I have a pandas dataframe and I want to plot slices of it, in a function using multiprocessing. Even though the function "process_expression" works when I call it independently, when I use the "multiprocessing" option it is not giving any plots.
import numpy as np
import matplotlib.pyplot as plt
import pandas as pd
import scipy
import seaborn as sns
import sys
from multiprocessing import Pool
import os
os.system("taskset -p 0xff %d" % os.getpid())
pool = Pool()
gn = pool.map(process_expression, gene_ids)
pool.close()
pool.join()
def process_expression(gn_name, df_gn=df_coding):
df_part = df_gn.loc[df_gn['Gene_id'] == gn_name]
df_part = df_part.drop('Gene_id', 1)
df_part = df_part.drop('Transcript_biotype', 1)
COUNT100 = df_part[df_part >100 ].count()

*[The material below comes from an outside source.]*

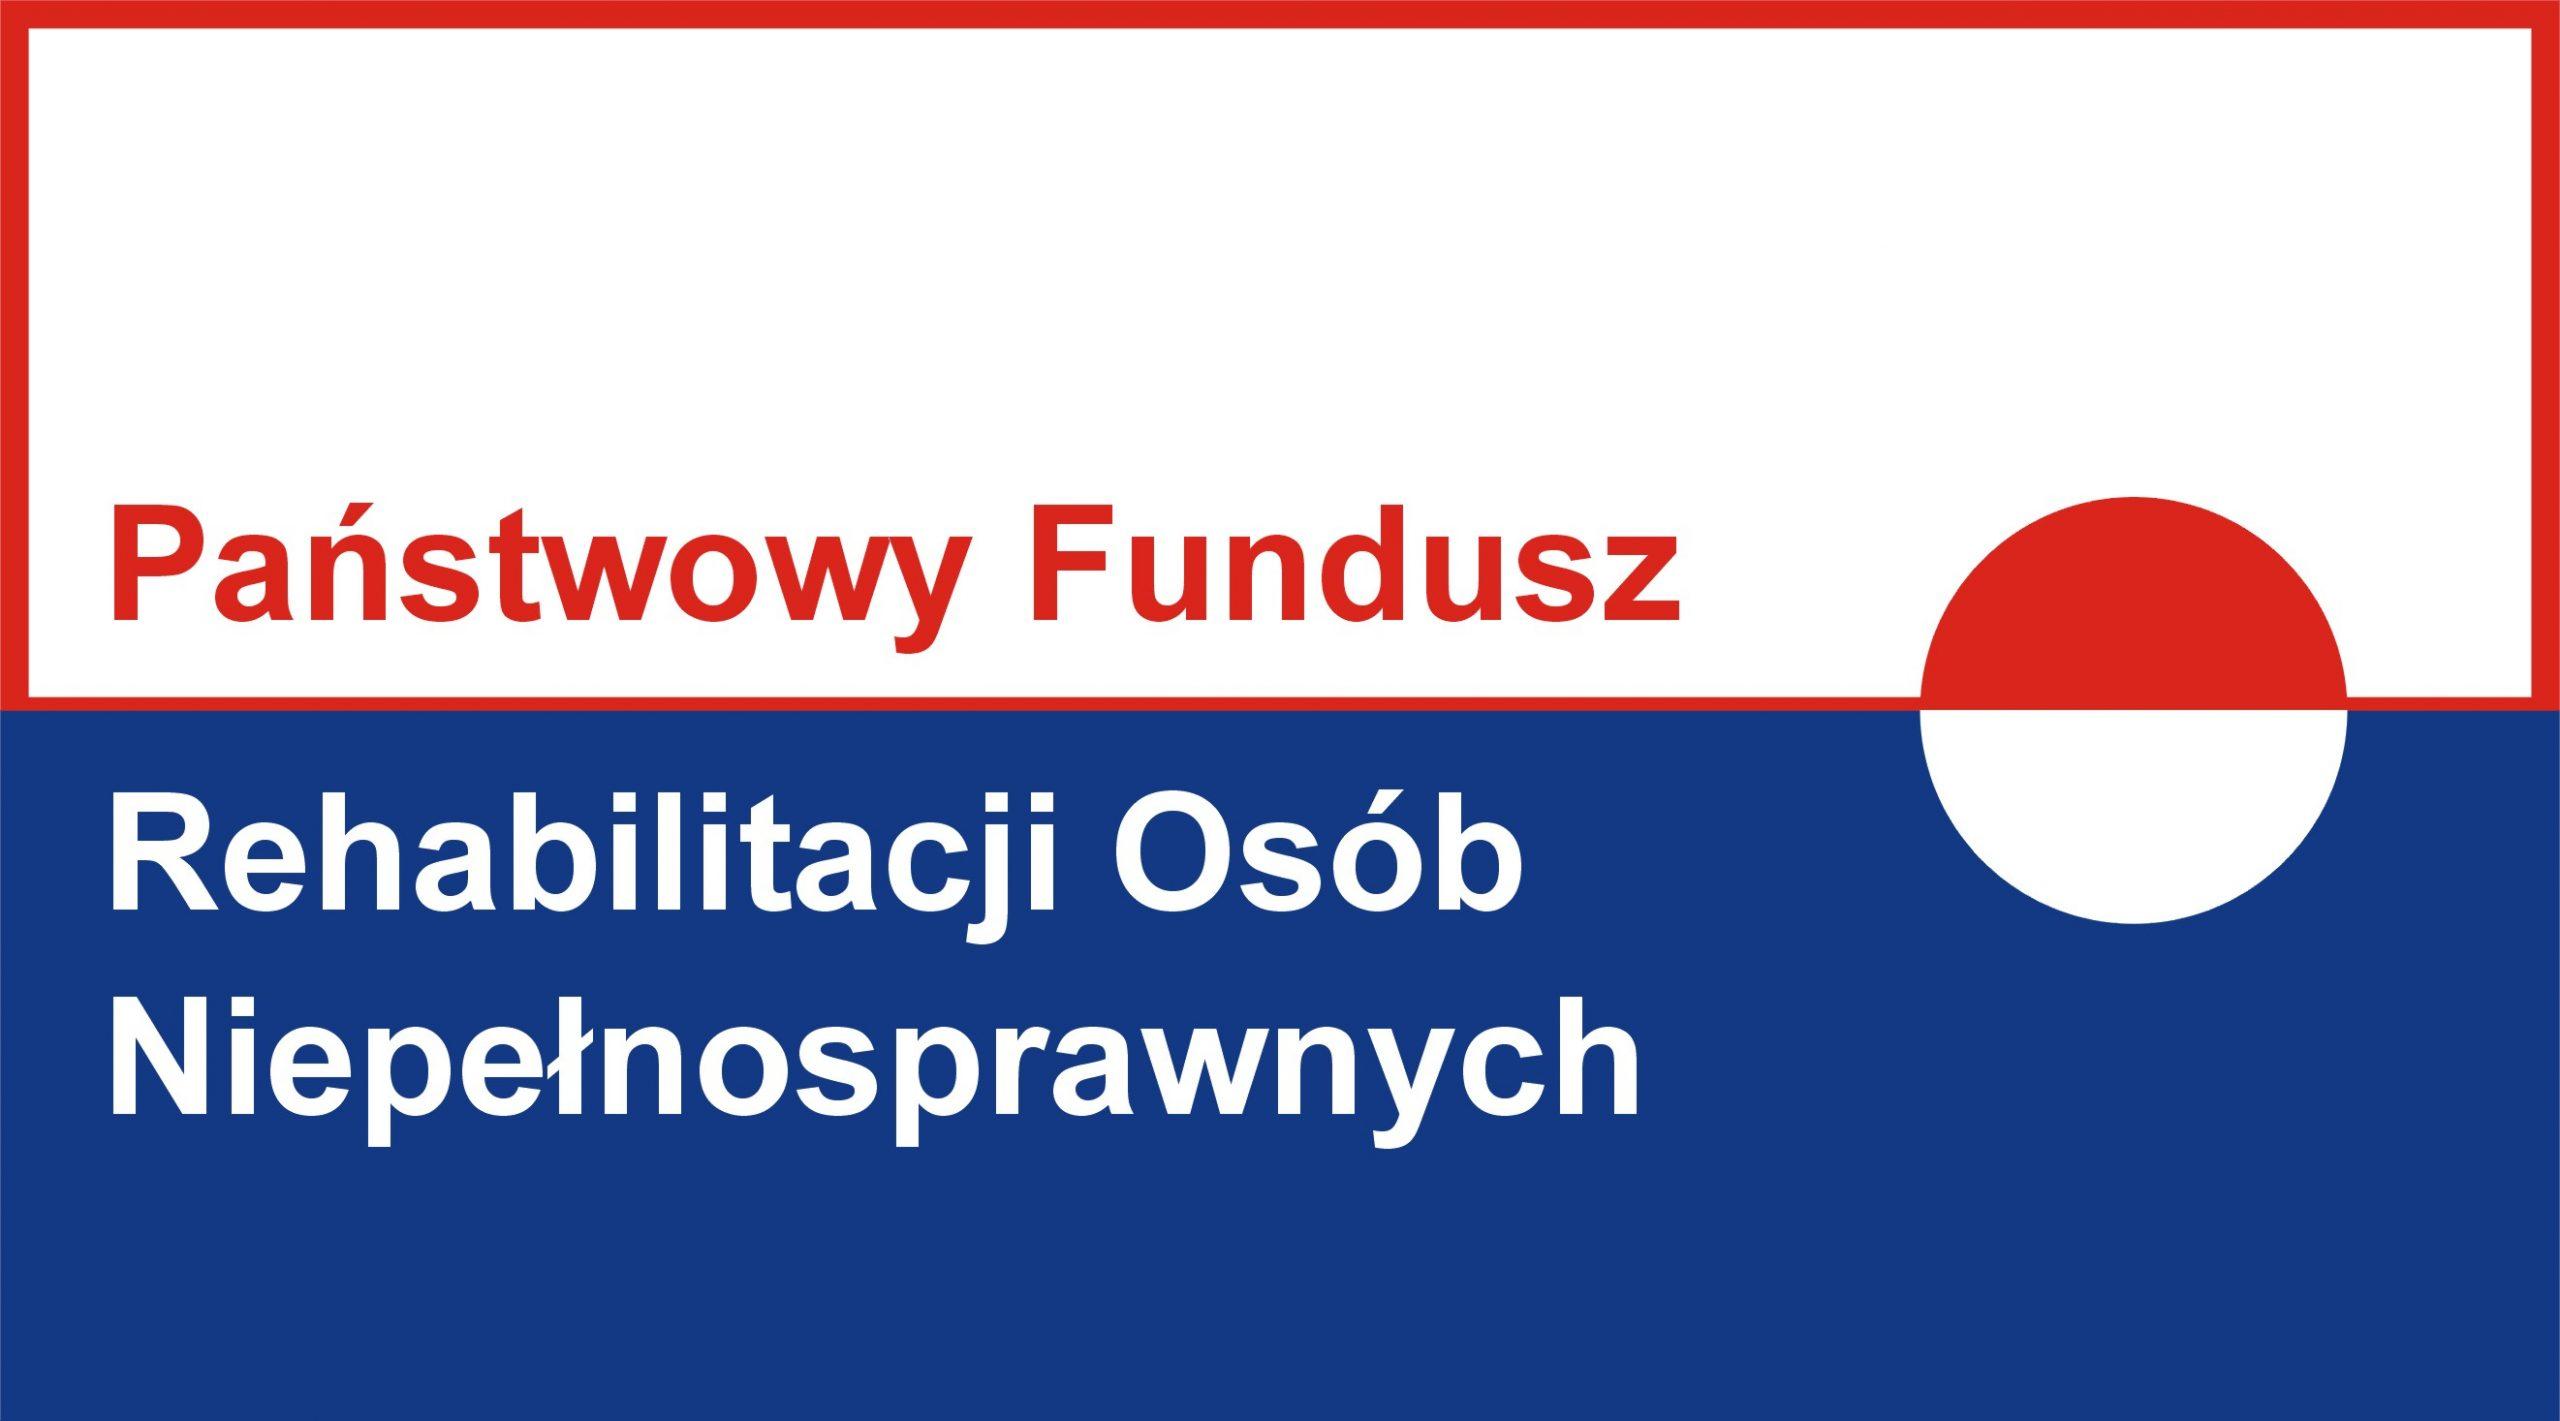 logo państwowy fundusz rehabilitacji osób niepełnosprawnych

COUNT10 = (df_part[df_part >10 ].count()) - COUNT100
COUNT1 = (df_part[df_part >1].count())- COUNT100 - COUNT10
COUNT0 = (df_part[df_part >0].count())- COUNT100-COUNT10- COUNT1
result = pd.concat([COUNT0,COUNT1,COUNT10,COUNT100], axis=1)
result.columns = [ '0 TO 1', '1 TO 10','10 TO 100', '>100']
result.plot( kind='bar', figsize=(50, 20), fontsize=7, stacked=True)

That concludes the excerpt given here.